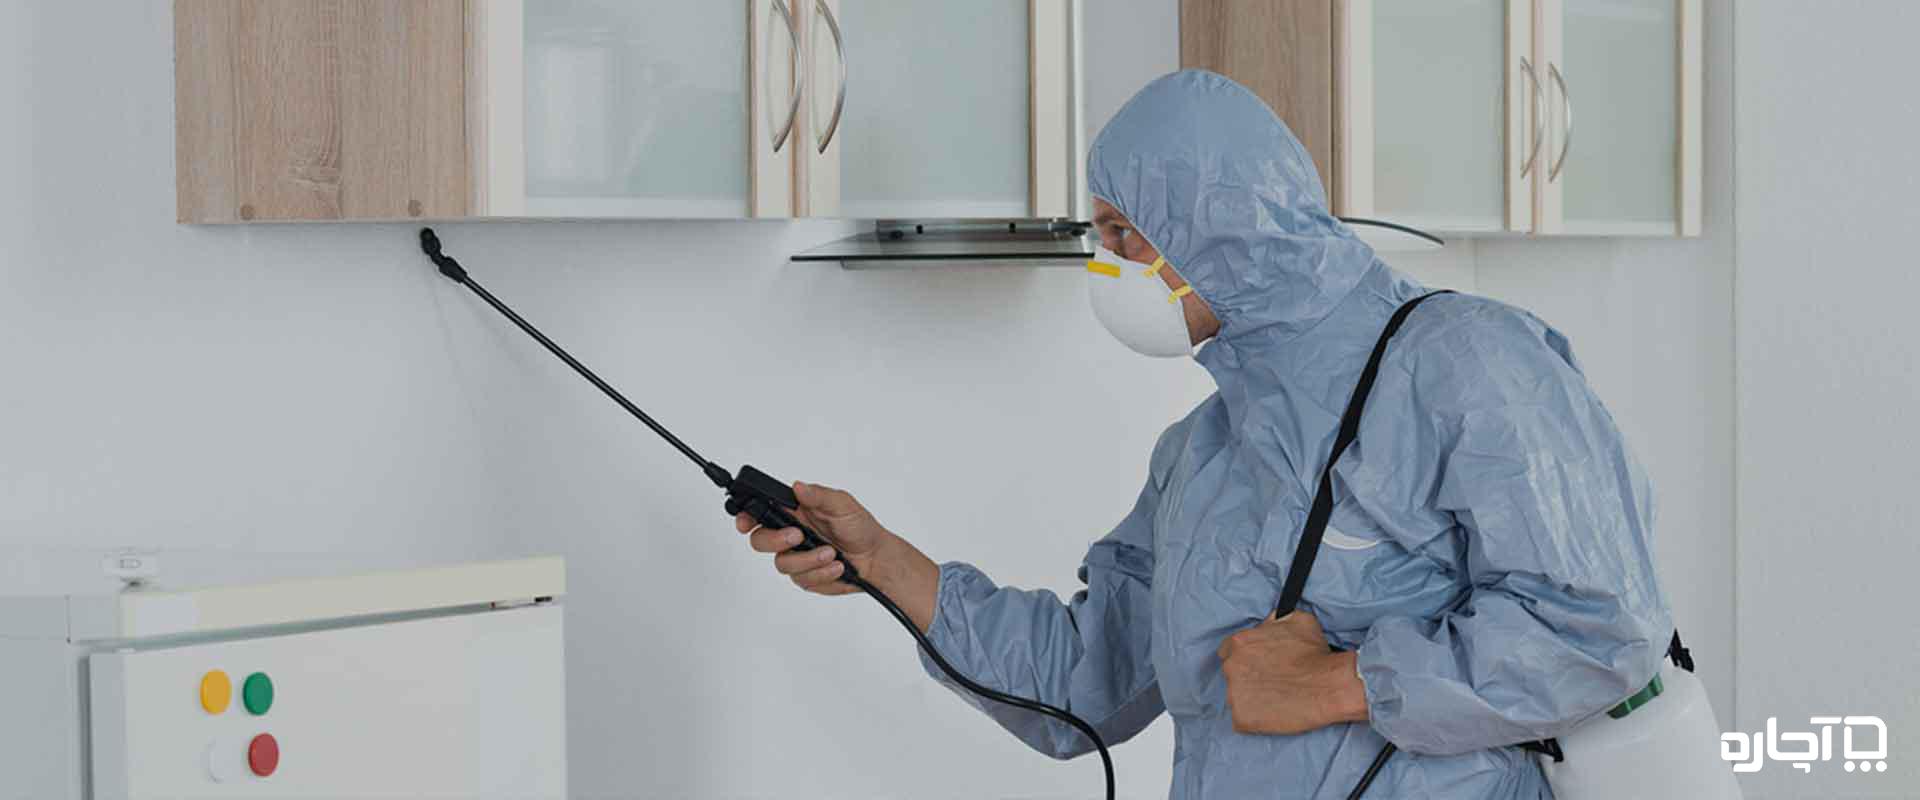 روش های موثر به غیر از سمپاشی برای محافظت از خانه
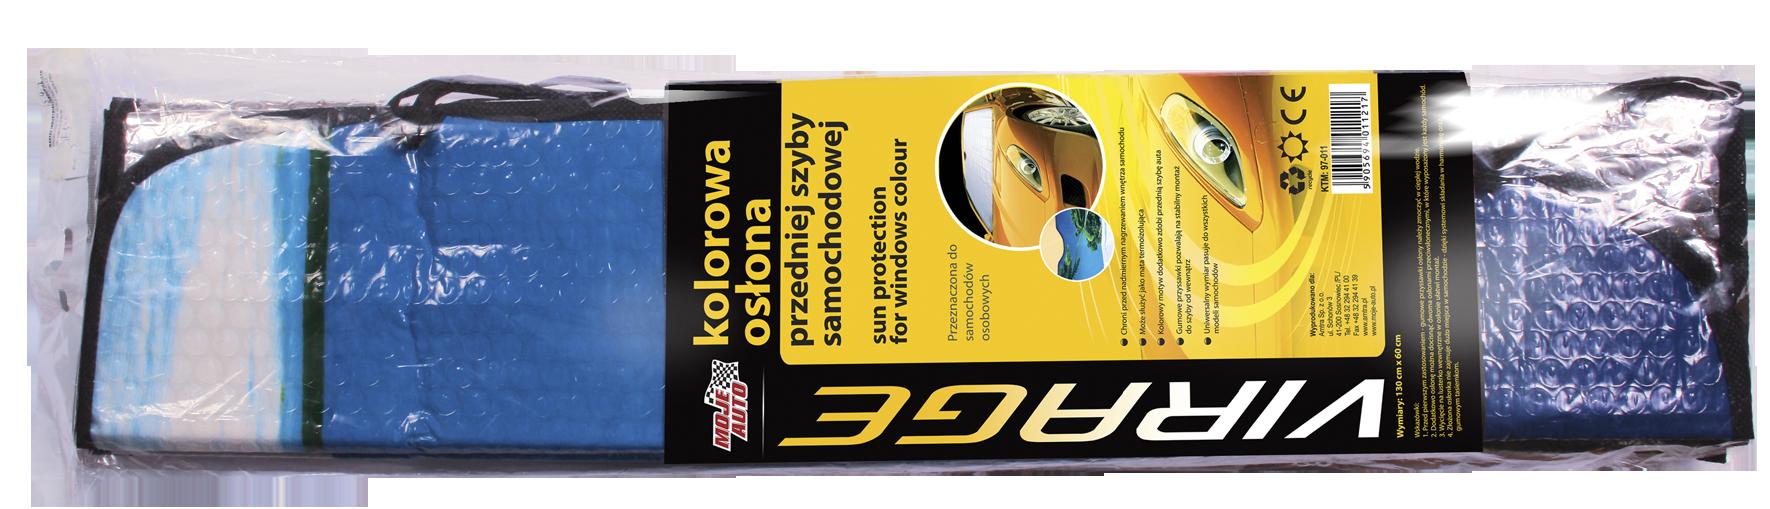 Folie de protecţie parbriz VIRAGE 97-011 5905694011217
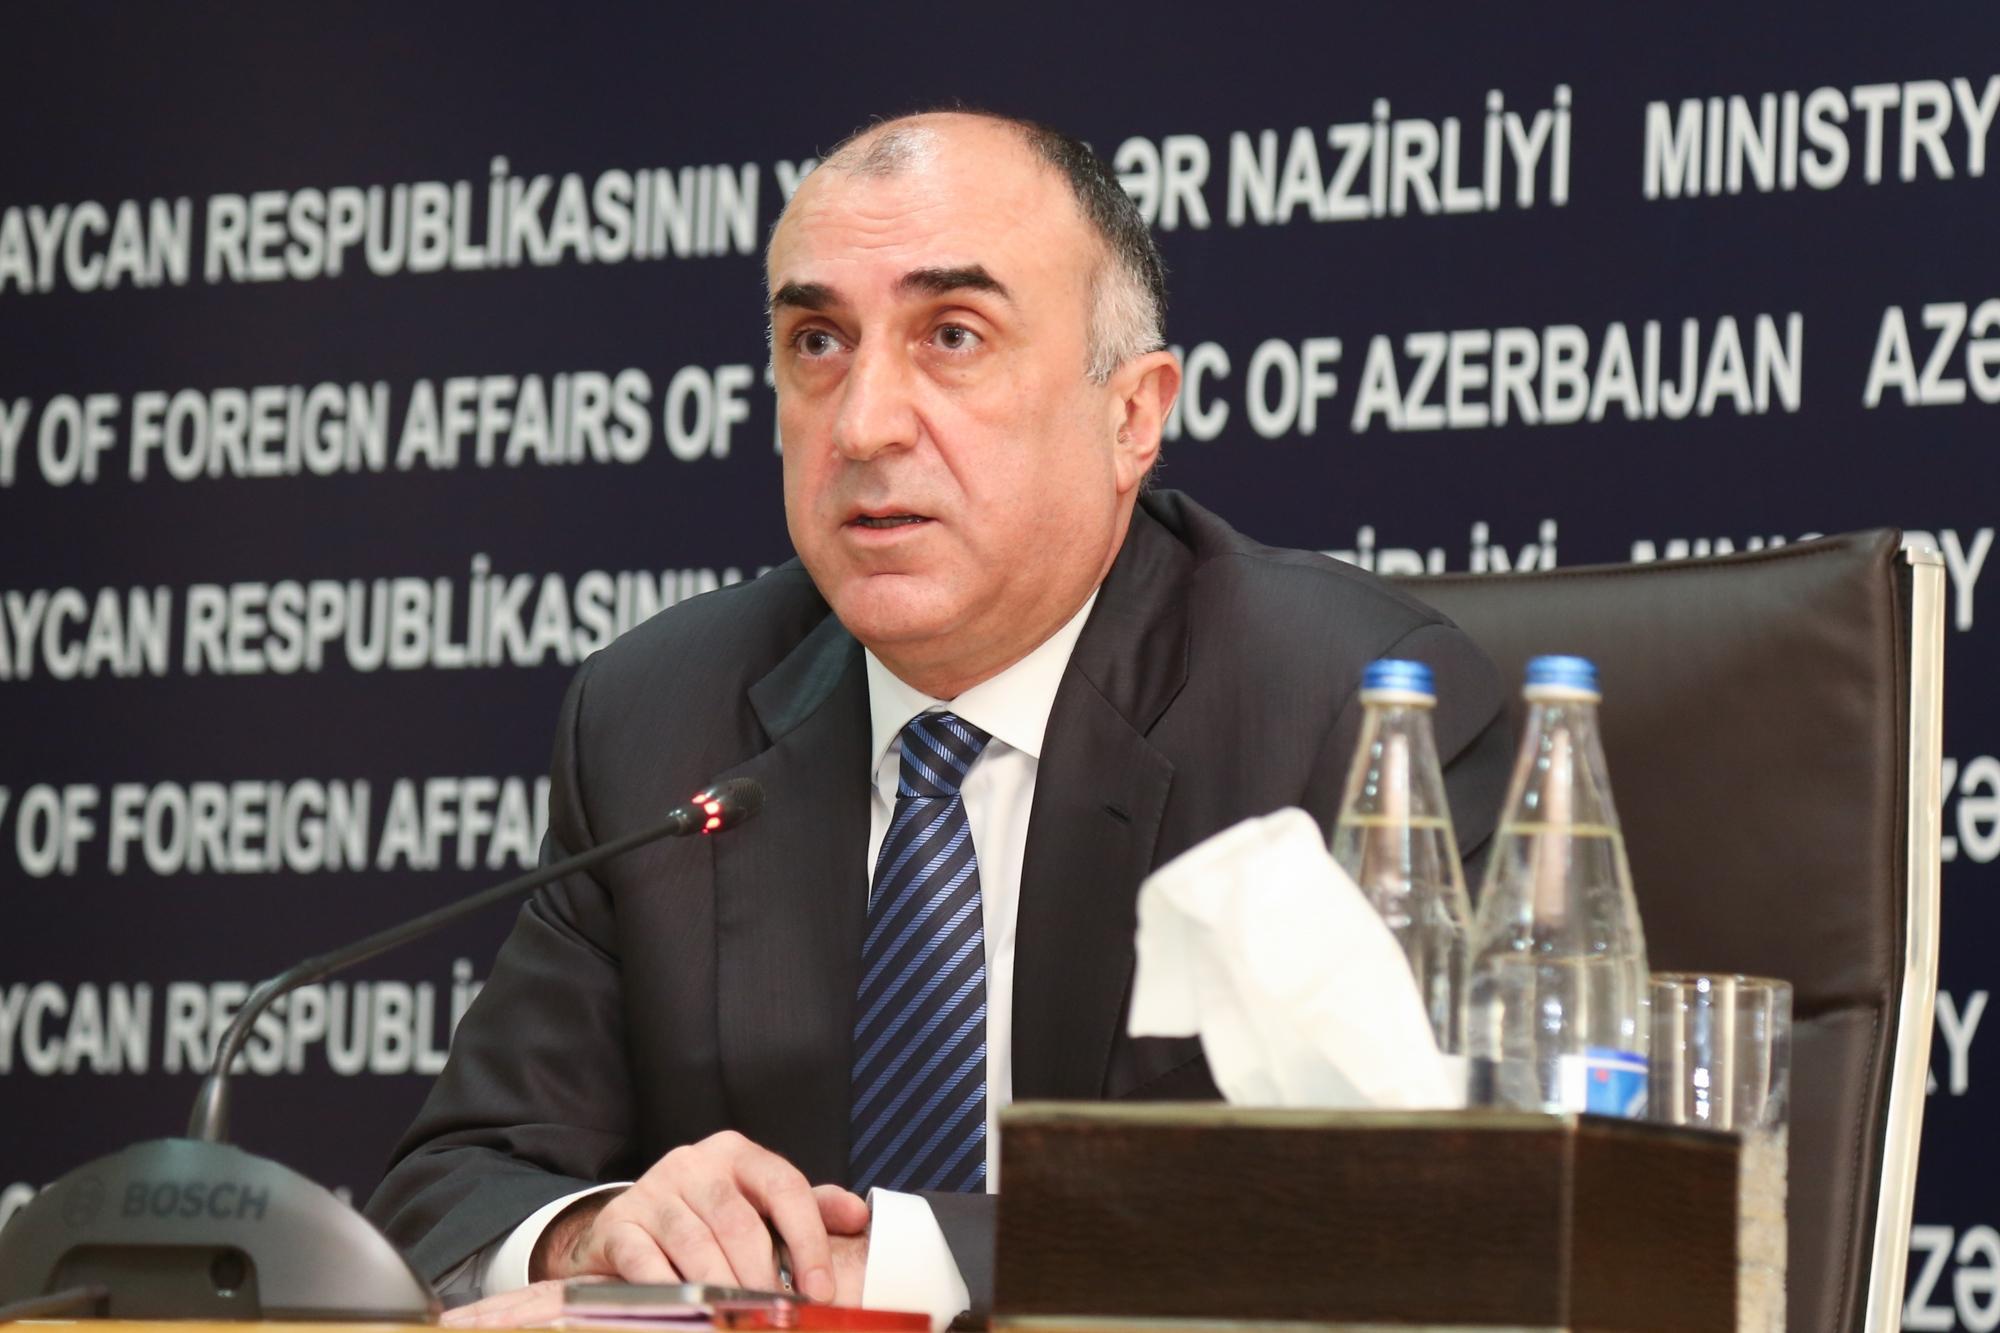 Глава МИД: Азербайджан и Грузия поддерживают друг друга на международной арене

...

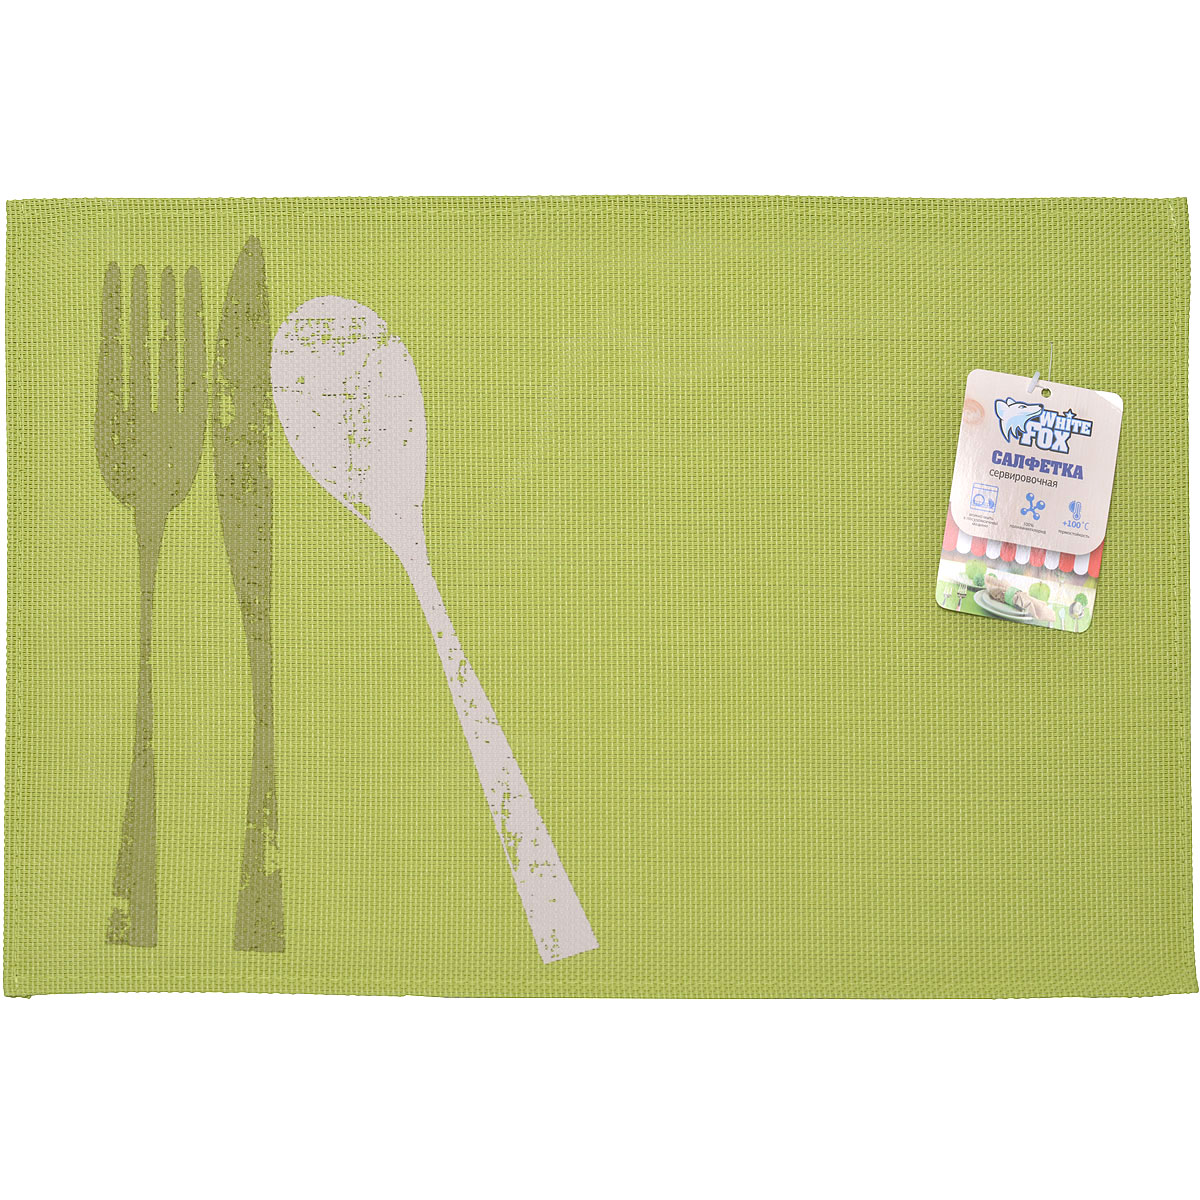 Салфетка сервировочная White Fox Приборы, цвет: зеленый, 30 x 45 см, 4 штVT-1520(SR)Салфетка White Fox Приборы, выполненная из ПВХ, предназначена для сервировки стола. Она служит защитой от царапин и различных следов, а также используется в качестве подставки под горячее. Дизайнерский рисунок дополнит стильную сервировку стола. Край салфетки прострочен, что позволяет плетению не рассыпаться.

### EXERCISE PROMPT
When you reach the line holding "روش های موثر" in the listing above, begin retyping exactly, and stop once the line holding "Глава МИД: Азербайджан" is done; pictures stay out.

### TASK ANSWER
 روش های موثر به غیر از سمپاشی برای محافظت از خانه
 Folie de protecţie parbriz VIRAGE 97-011 5905694011217
 Глава МИД: Азербайджан и Грузия поддерживают друг друга на международной арене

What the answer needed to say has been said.